╔══
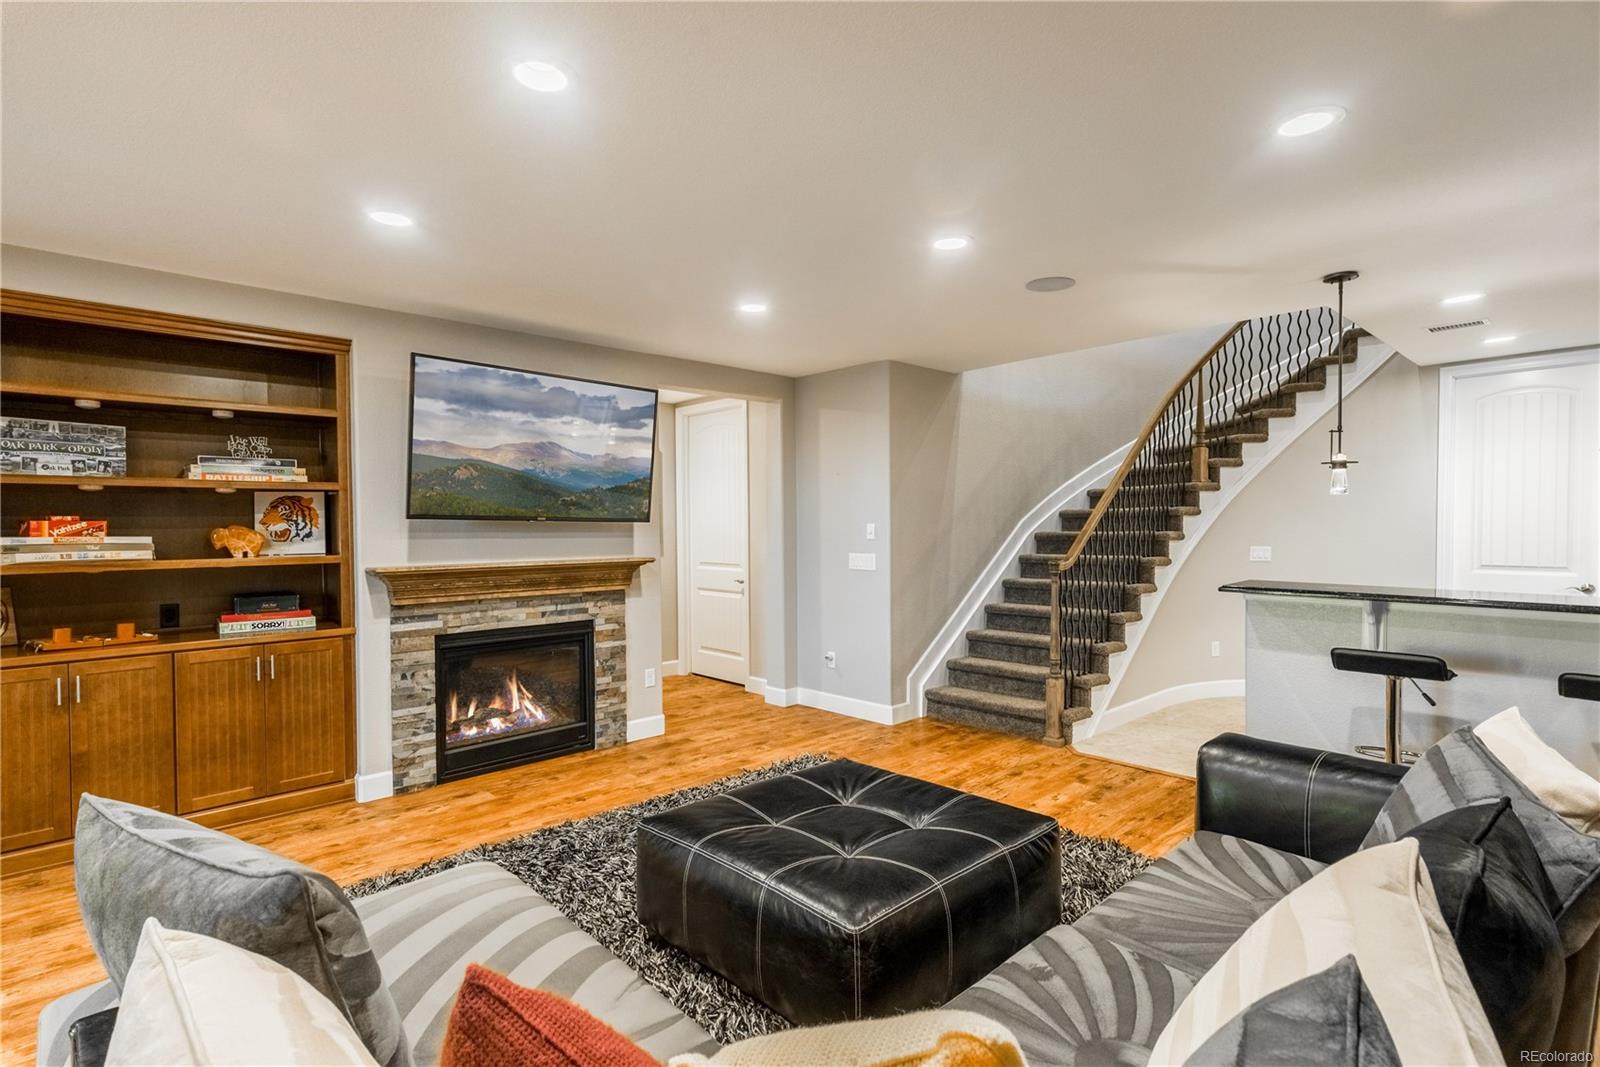 Lower level with extended wood flooring, fireplace and open bar area.
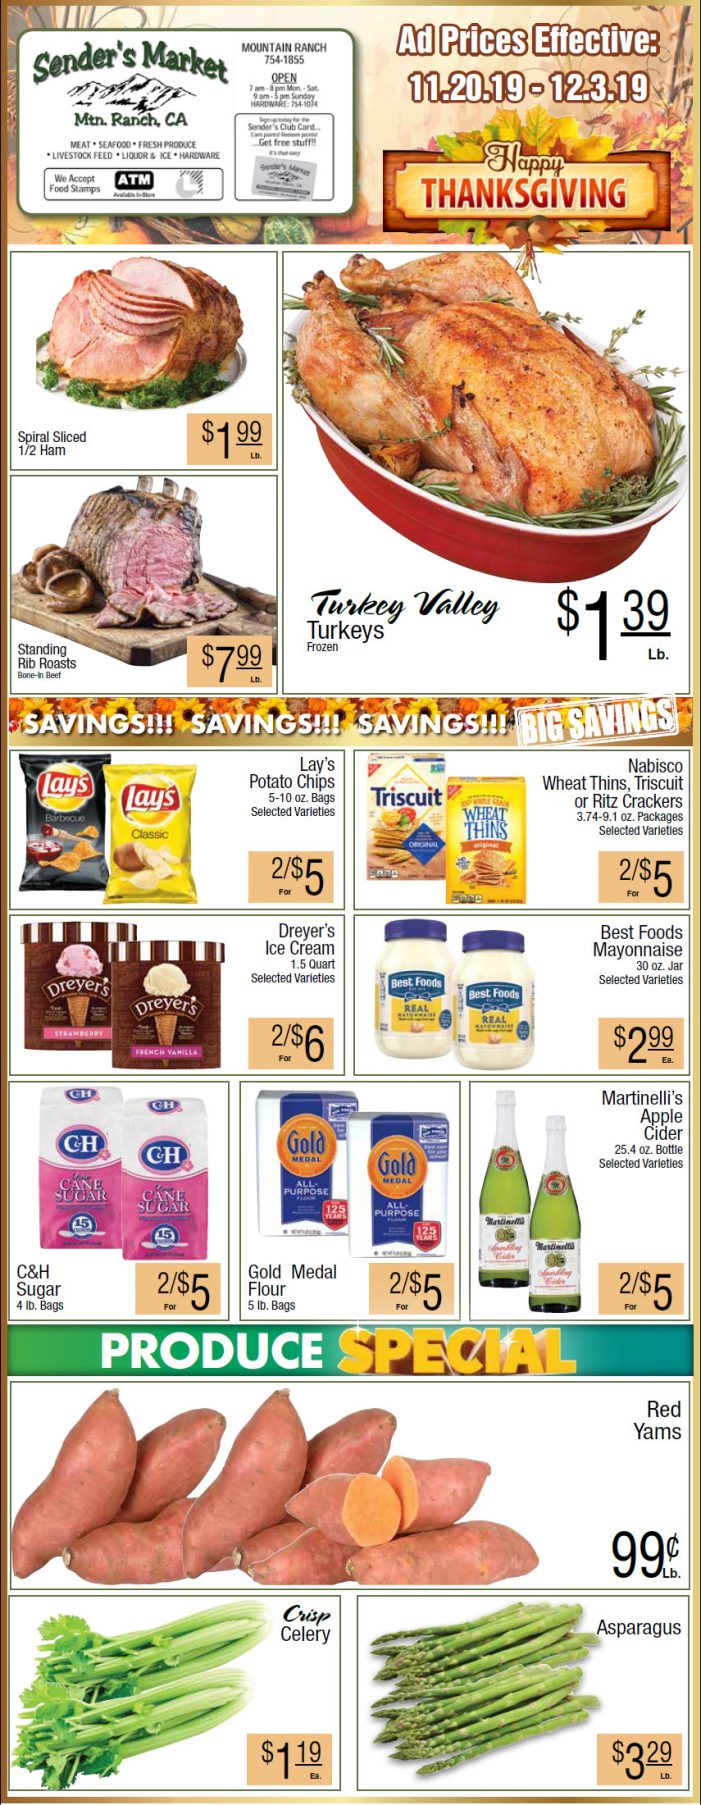 Sender’s Market’s Big Thanksgiving Ad!  Local Grocery Ad & Grocery Specials Through December 3rd!
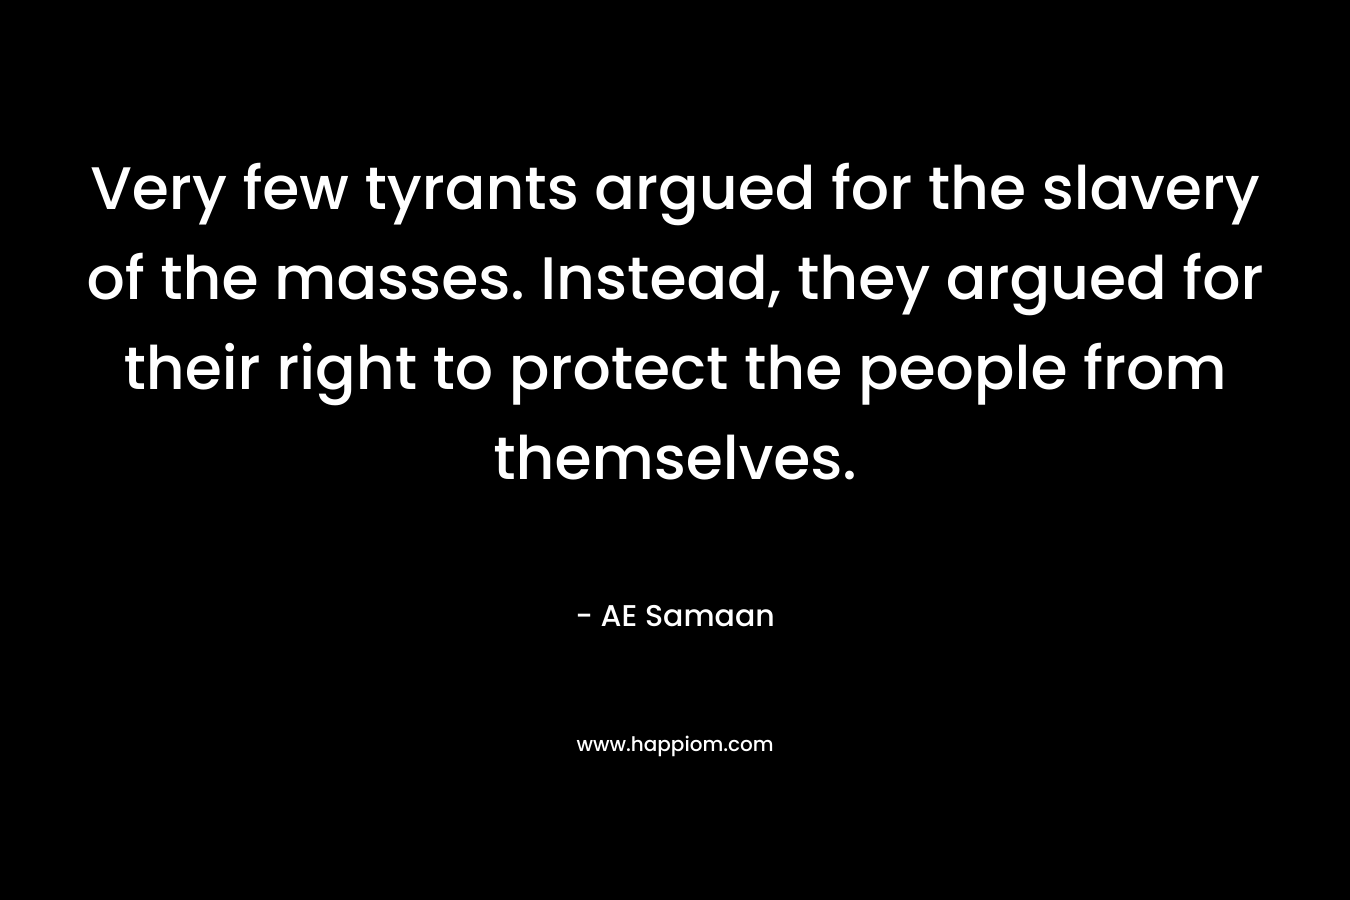 Very few tyrants argued for the slavery of the masses. Instead, they argued for their right to protect the people from themselves. – AE Samaan
╚══
*WHAT YOU NEED TO DO*.
Please copy the data shown above, line by line and exactly, omitting the images.

*TASK RESULT*.
 Lower level with extended wood flooring, fireplace and open bar area.
 Sender’s Market’s Big Thanksgiving Ad!  Local Grocery Ad & Grocery Specials Through December 3rd!
 Very few tyrants argued for the slavery of the masses. Instead, they argued for their right to protect the people from themselves. – AE Samaan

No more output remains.